5. Lio needs a combination of good management and good governance in order to be effective. Hold on mister, are you telling me I can't be a good leader? Oh come on! I'm THE Great Procrastinator and I don't need your good management shit to be effective. I work best when I procrastinate and I orgasm with creative juices when pressured. Eat that shit!

6. Lio needs to go and. Incomplete thought I see. Pretty perfect though as I need to go and drool my way off to dreamland already. Whew! Oh and by the way, pardon the typographical errors. Have not edited this post yet. Must. hit. the. bed. and. sleep.
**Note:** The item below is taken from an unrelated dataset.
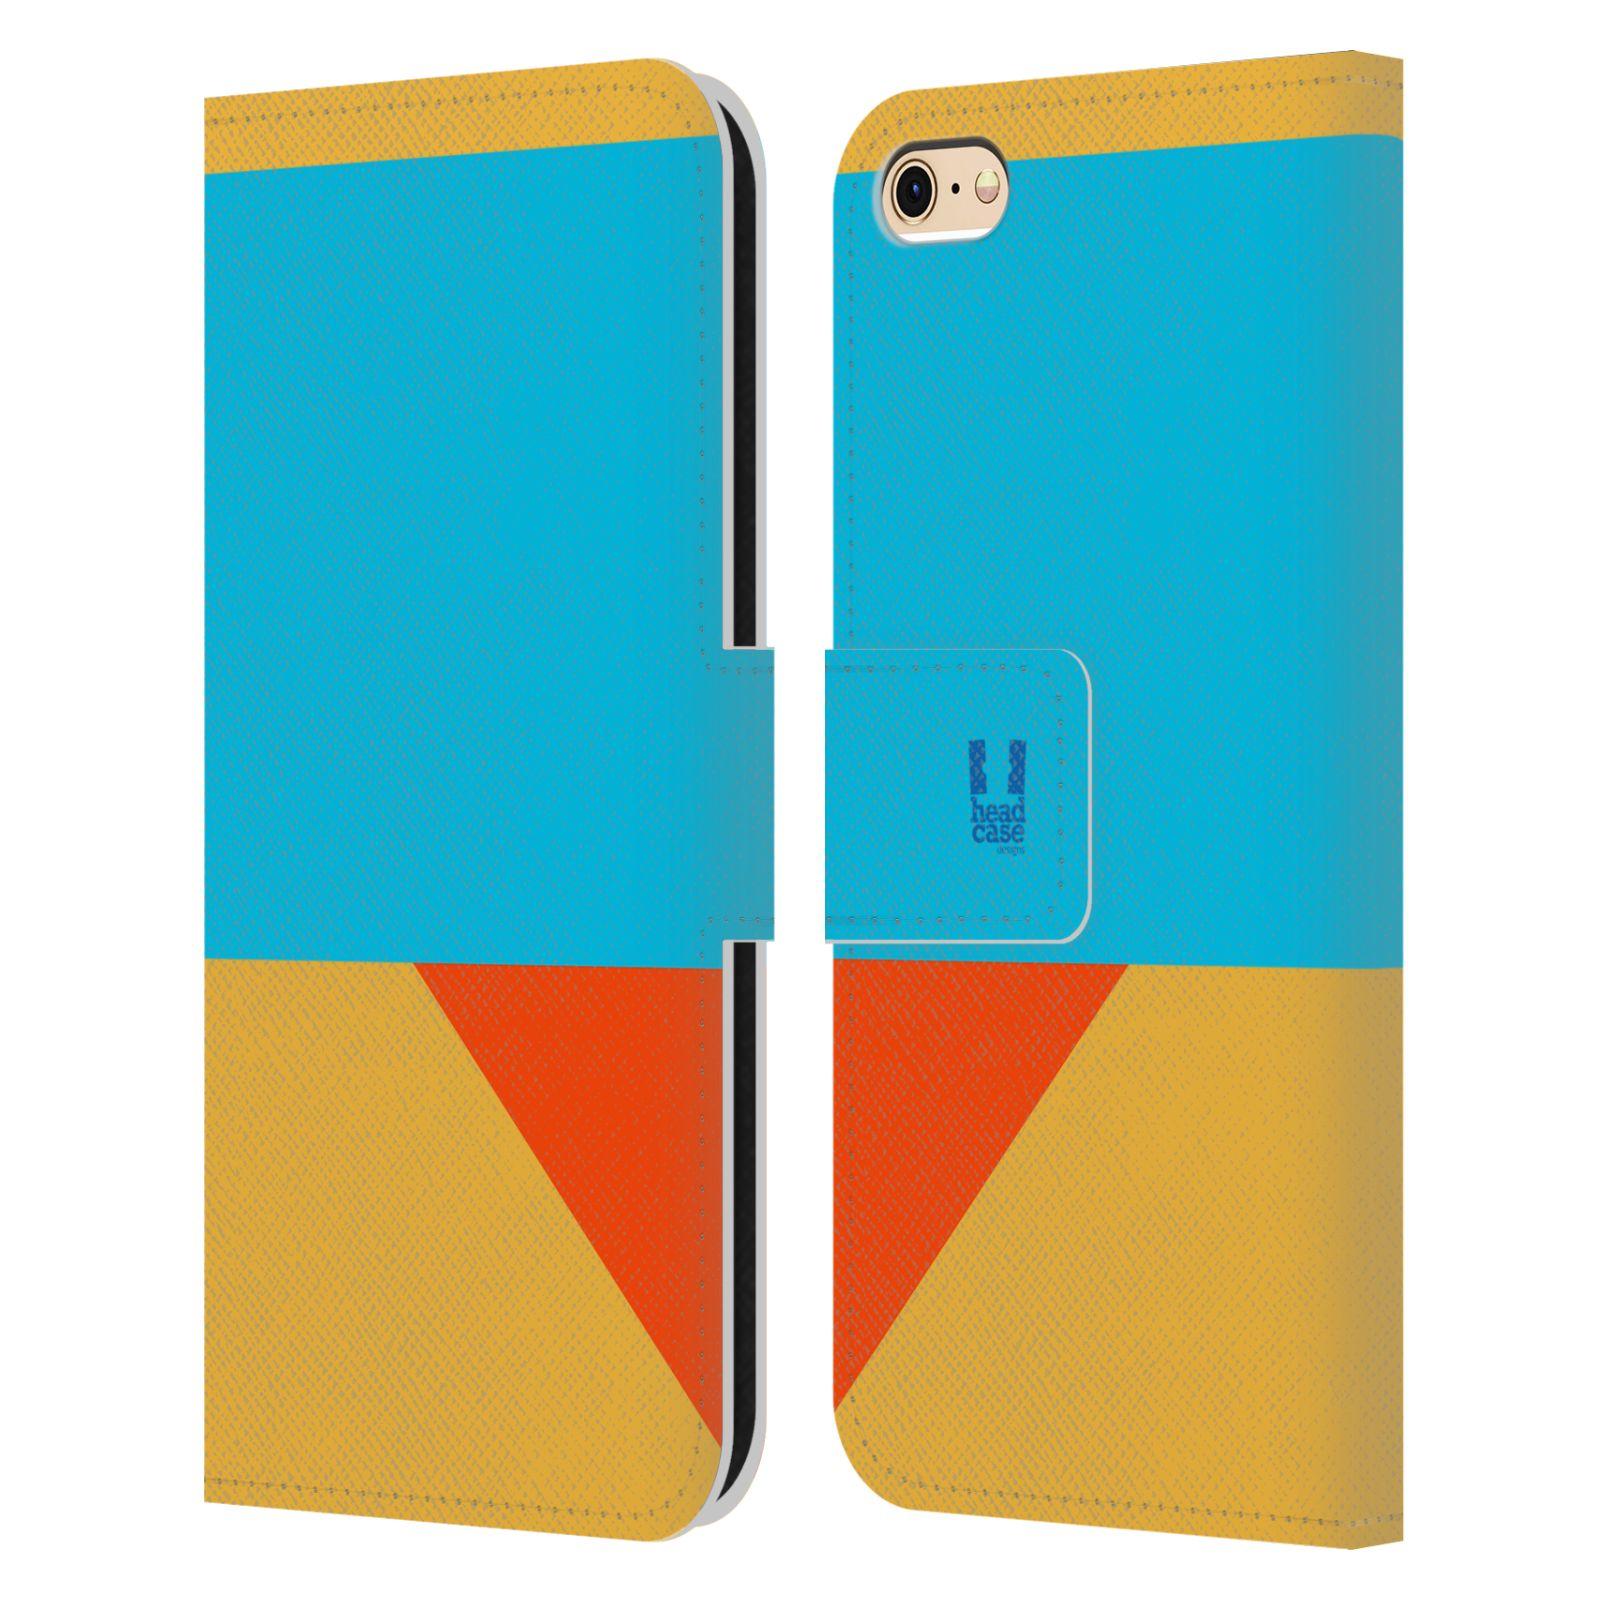 HEAD CASE Flipové pouzdro pro mobil Apple Iphone 6/6s barevné tvary béžová a modrá DAY WEAR

Zzzzzz...

I noticed that this blogging activity has been taking and demanding a huge chunk of my time for the past few days now. Gawd knows how I've been missing the eight-hour doze mark that I've always been accustomed to. What do you say if I impose another indefinite hiatus, you guys?

Haha. Kidding.

No but really, I am dead-serious. Would you take it against me if I close this blog for an indefinite period of time? Lol!

Now I know you'll brand me as a selfish dick if I won't be tagging some other bloggers to do the same yadda yadda shit. But really, I'm doing you a favor by not tagging you. If you insist though, go ahead and feel free to post your own version of this 666 Tag Triple Combo.

So yeah, for whatever this is worth, you've been tagged!